Respondiendo al discurso de odio contra las personas migrantes en redes sociales: ¿Qué puedes hacer?

"Tenemos que recordar que los crímenes de odio están precedidos por discursos de odio". Así es como Adama Dieng, Asesor Especial de las Naciones Unidas para la Prevención del Genocidio, inicia el video de Alto al Discurso de Odio. "Hay que tener presente que las palabras matan. Las palabras matan como balas", continuó.

Para hablar sobre el discurso de odio, es necesario referirse al artículo 19 del Pacto Internacional de Derechos Civiles y Políticos (ICCPR por sus siglas en inglés). El artículo destaca la importancia de la libertad de expresión, pero también enfatiza que esa libertad implica responsabilidades y deberes.

La Organización de las Naciones Unidas lanzó recientemente su "Estrategia y plan de acción sobre el discurso del odio", que busca fortalecer las acciones de la ONU contra las raíces del discurso de odio y sus respuestas institucionales al impacto que este discurso genera en las sociedades. Entre muchas otras acciones, la estrategia incluye monitorear y analizar datos, usar tecnología y comprometerse con medios de comunicación nuevos y tradicionales. En esa línea, alienta una mayor investigación sobre la relación entre el uso indebido de Internet y las redes sociales para difundir el discurso de odio, al igual que los factores que llevan a las personas a la violencia.

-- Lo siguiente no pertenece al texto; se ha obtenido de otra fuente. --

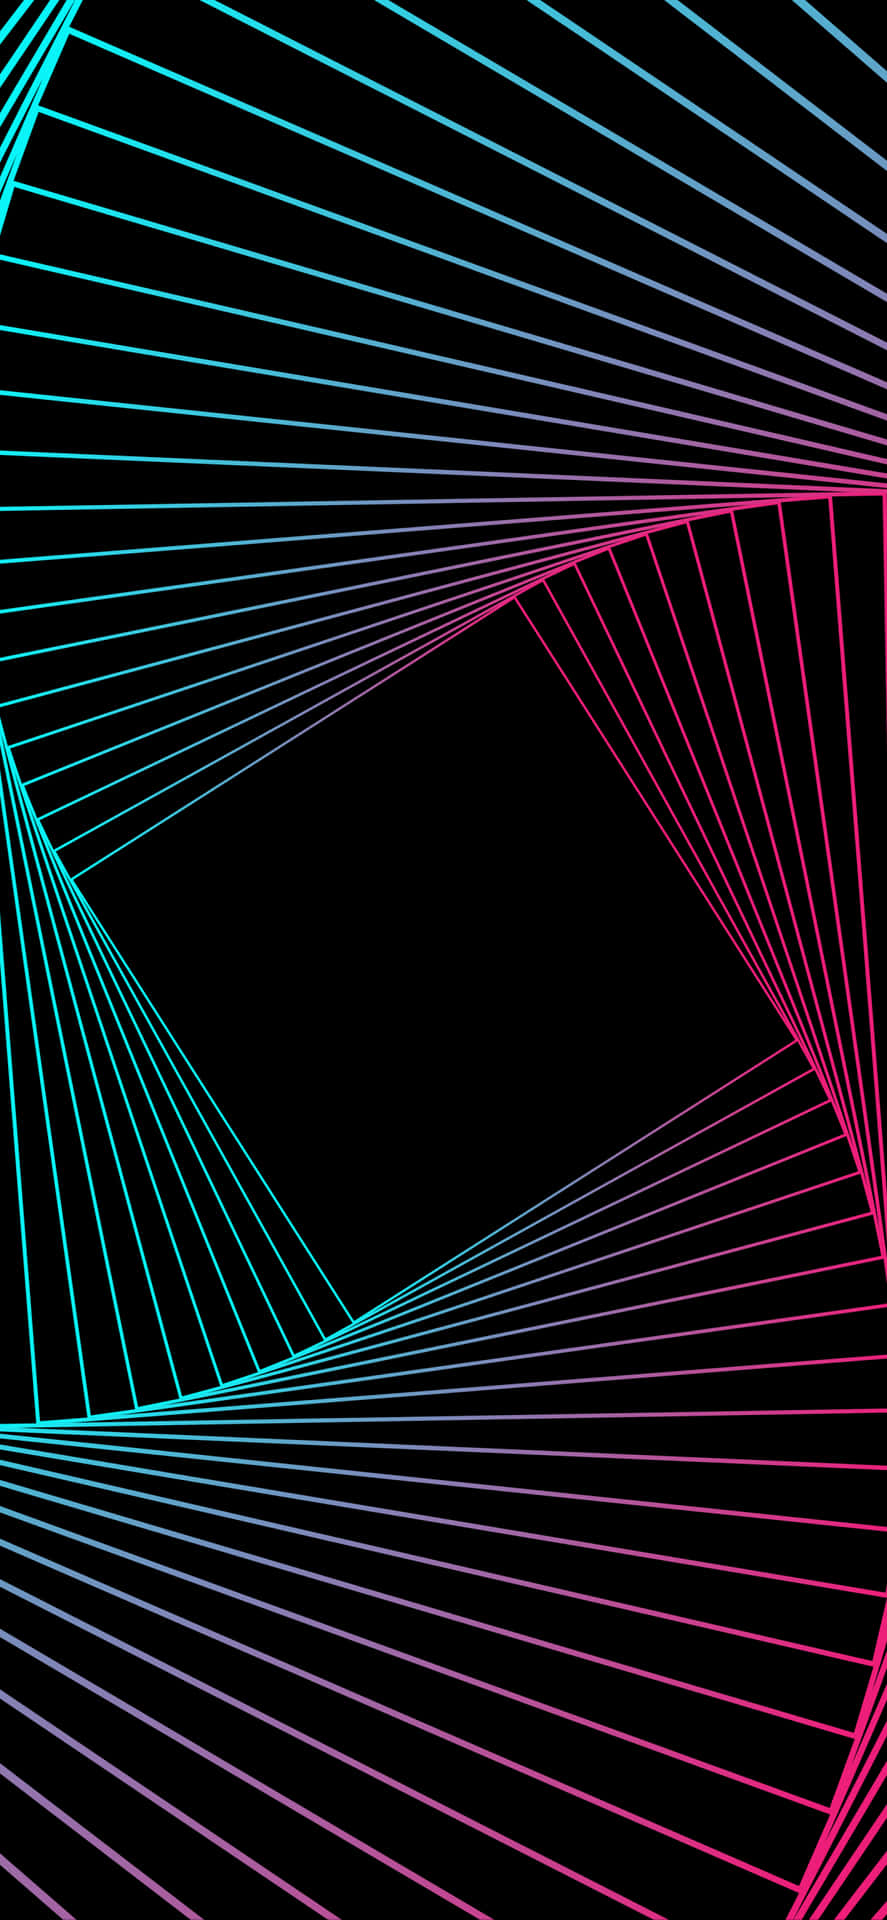 Geometric shapes come to life with the newest Iphone Wallpaper

Y así como la ONU asume su responsabilidad, también los medios tradicionales tienen una gran reto para garantizar que la información que ofrecen sobre las personas migrantes es respetuosa y basada en datos (aquí hay algunas recomendaciones sobre cómo hacerlo).

Pero más allá de estas responsabilidades institucionales, la realidad es que todos los días miles de personas publican en sus redes sociales gran cantidad de contenido lleno de odio y que incita (a veces de manera explícita) a la violencia en contra de las poblaciones migrantes y de otros grupos humanos vulnerables. ¿Qué puede hacer cada uno de nosotros para para luchar contra este contenido?

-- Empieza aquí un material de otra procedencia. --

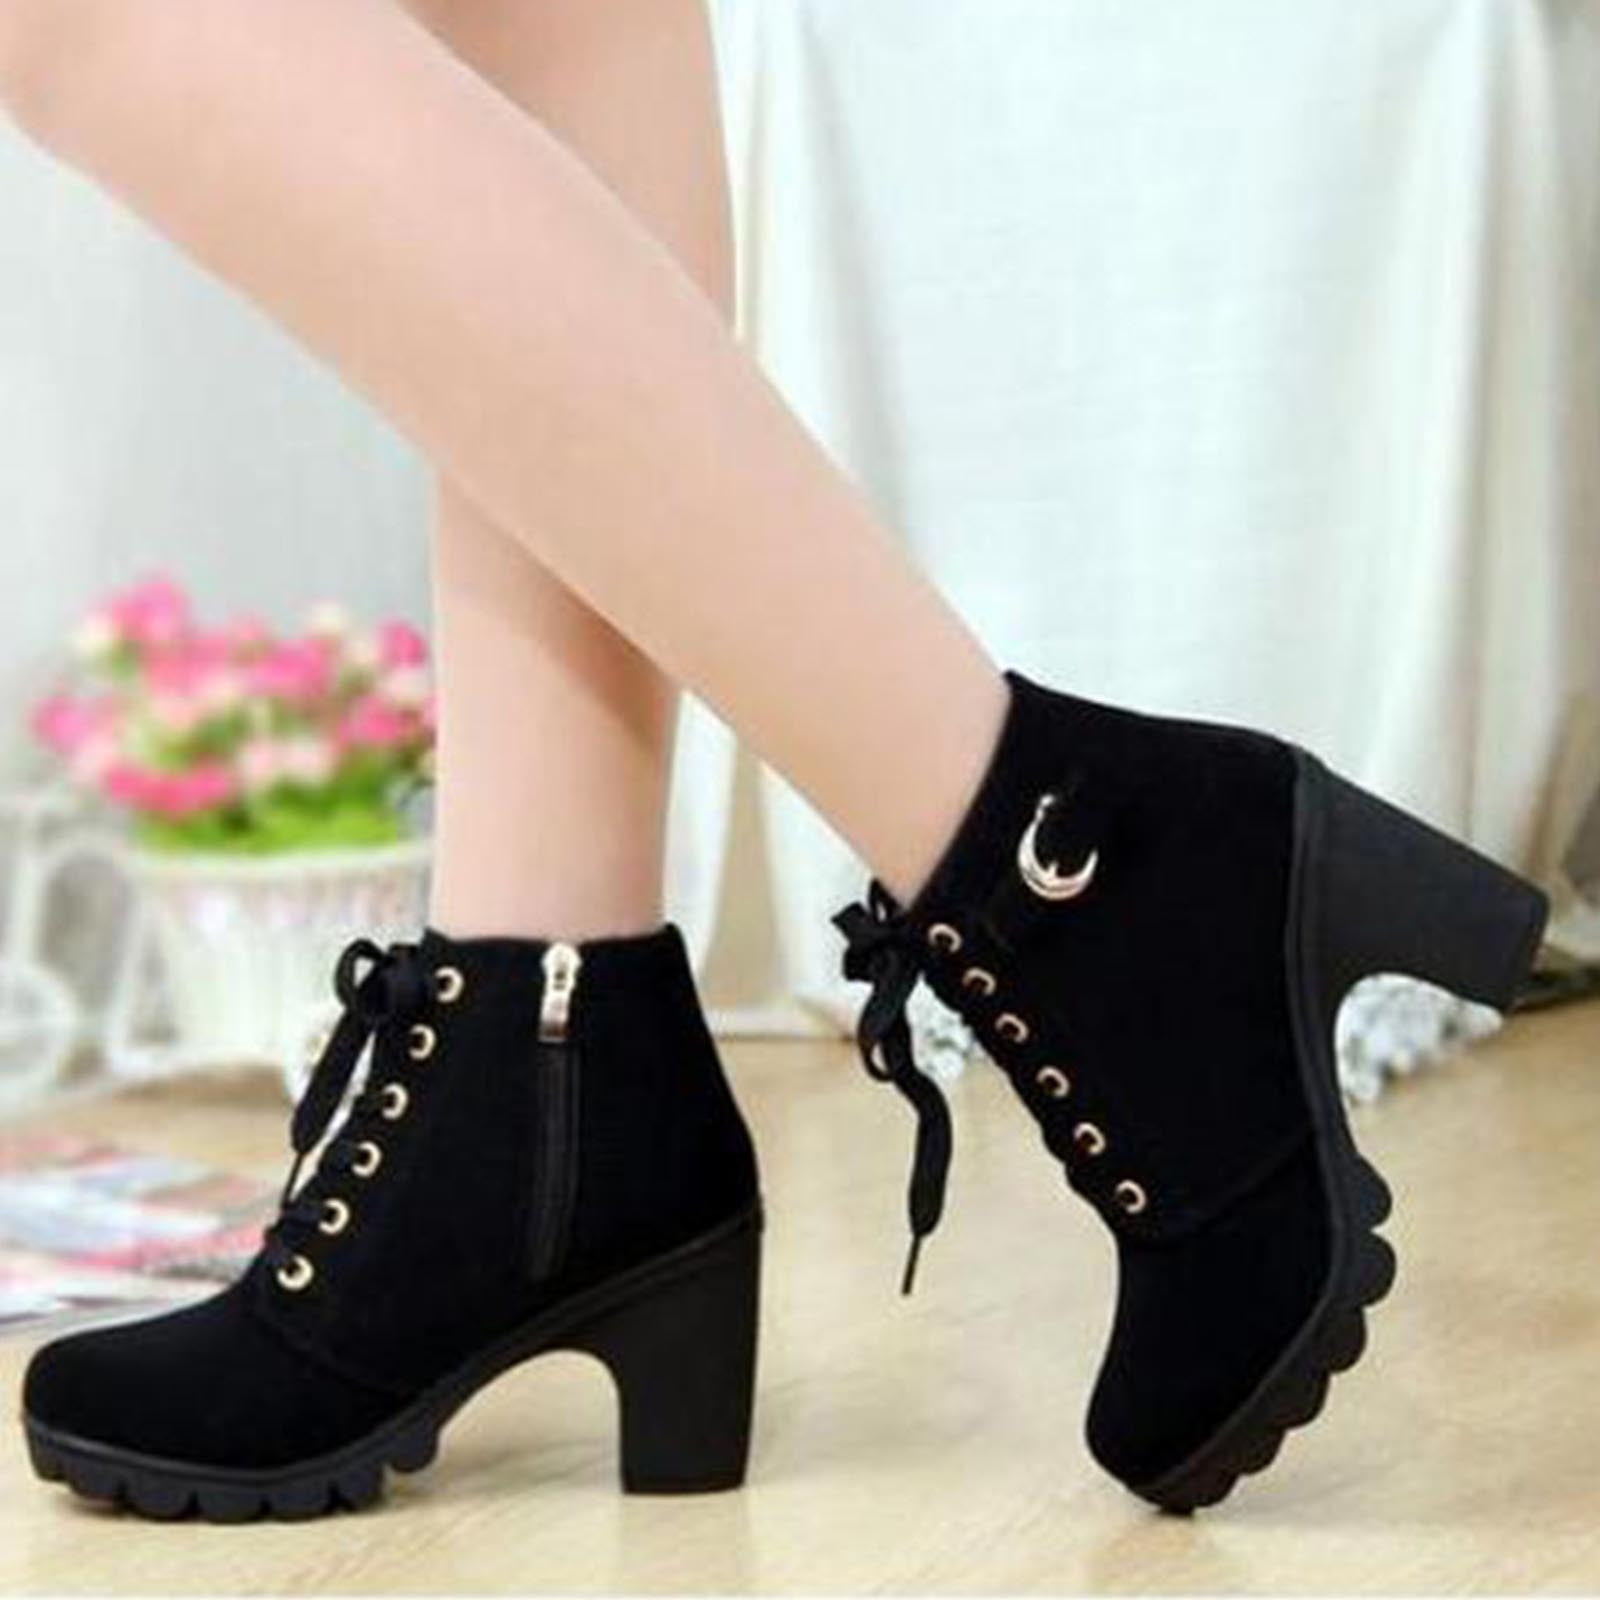 Buy RSVP by Nykaa Fashion Black Knee Length Block Heel Boots Online

  • Habla en contra del odio: El silencio y la apatía pueden tomarse como aceptación. Los comentarios en las redes sociales son más que simples palabras, y no deberían ser vistos como inofensivos, especialmente cuando las redes sociales son una fuente de información para las personas migrantes y contribuyen a sus experiencias. Según el Departamento de Justicia de los Estados Unidos “los insultos pueden escalar al acoso, el acoso puede escalar a las amenazas y las amenazas a la violencia física”. Intervenir de manera asertiva es importante tanto en el mundo digital como en situaciones cara a cara. Sin embargo, es necesario evaluar el riesgo en cada contexto para evitar situaciones peligrosas.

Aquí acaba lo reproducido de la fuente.